_DATA SECTION_
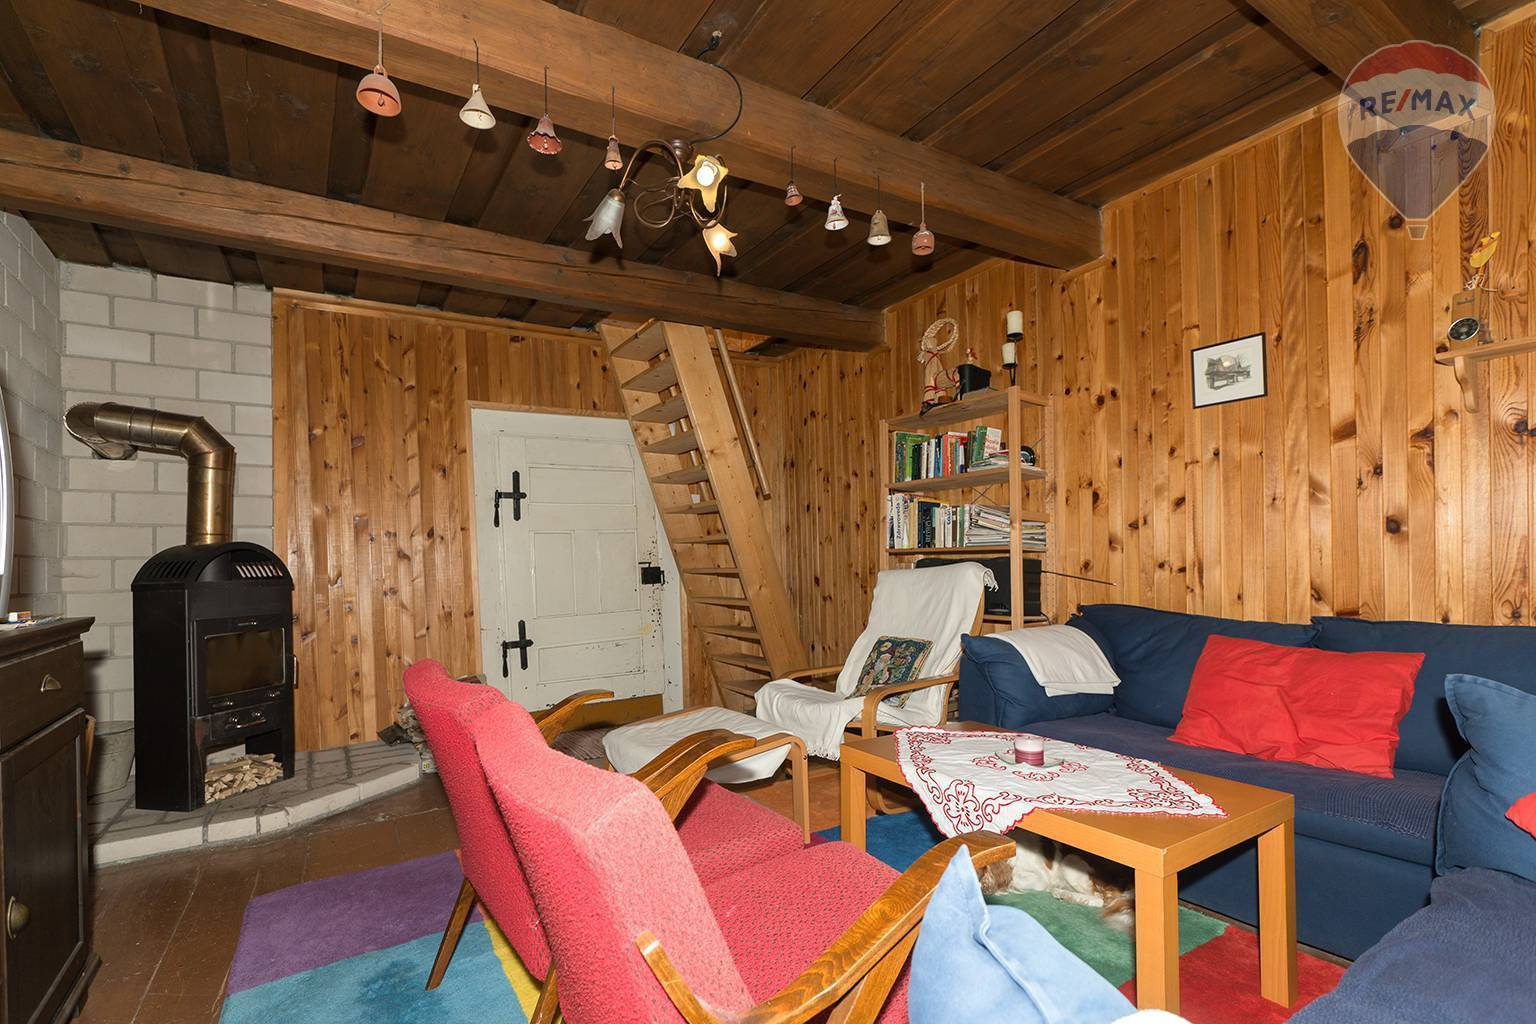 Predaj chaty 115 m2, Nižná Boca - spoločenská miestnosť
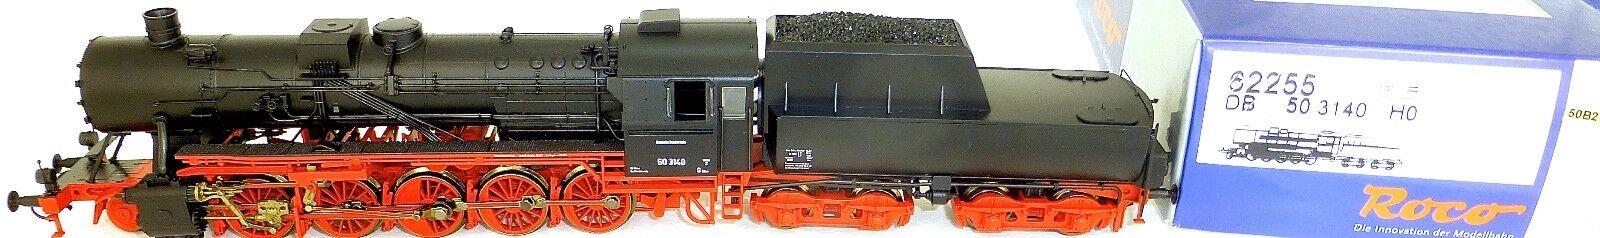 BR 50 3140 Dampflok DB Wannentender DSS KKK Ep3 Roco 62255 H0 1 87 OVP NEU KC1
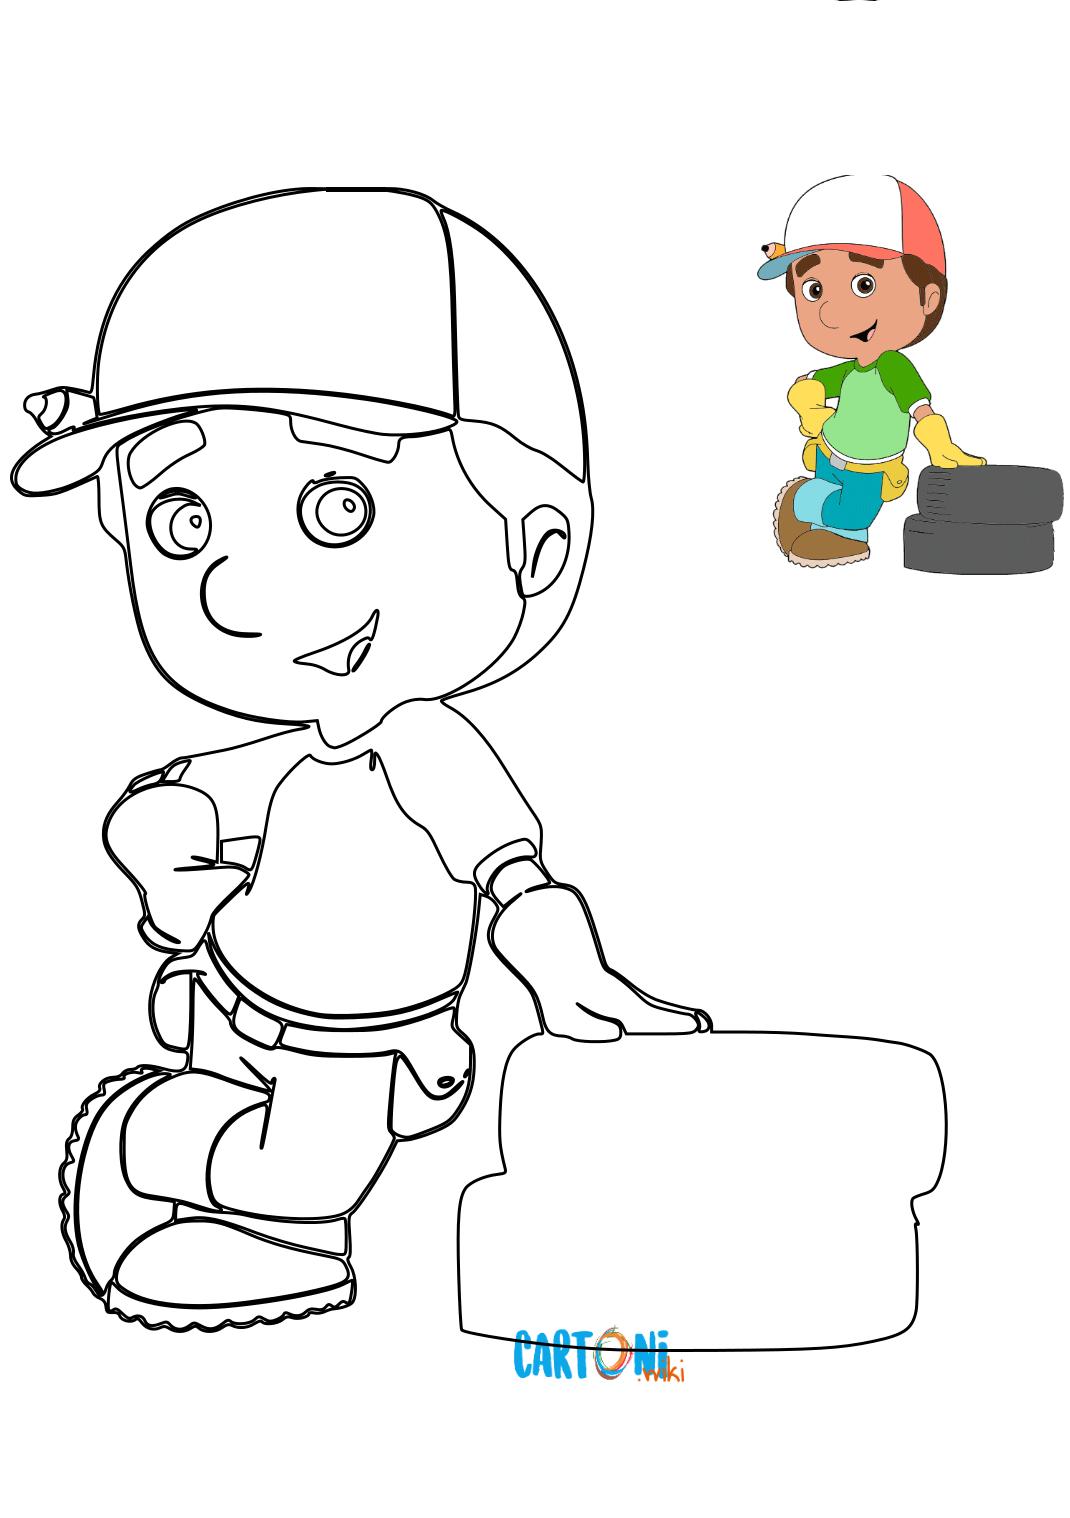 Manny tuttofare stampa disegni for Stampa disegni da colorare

_WORK TO BE COMPLETED_
Repeat the data word for word, minus any pictures.

_PROBLEM SOLUTION_
 Predaj chaty 115 m2, Nižná Boca - spoločenská miestnosť
 BR 50 3140 Dampflok DB Wannentender DSS KKK Ep3 Roco 62255 H0 1 87 OVP NEU KC1
 Manny tuttofare stampa disegni for Stampa disegni da colorare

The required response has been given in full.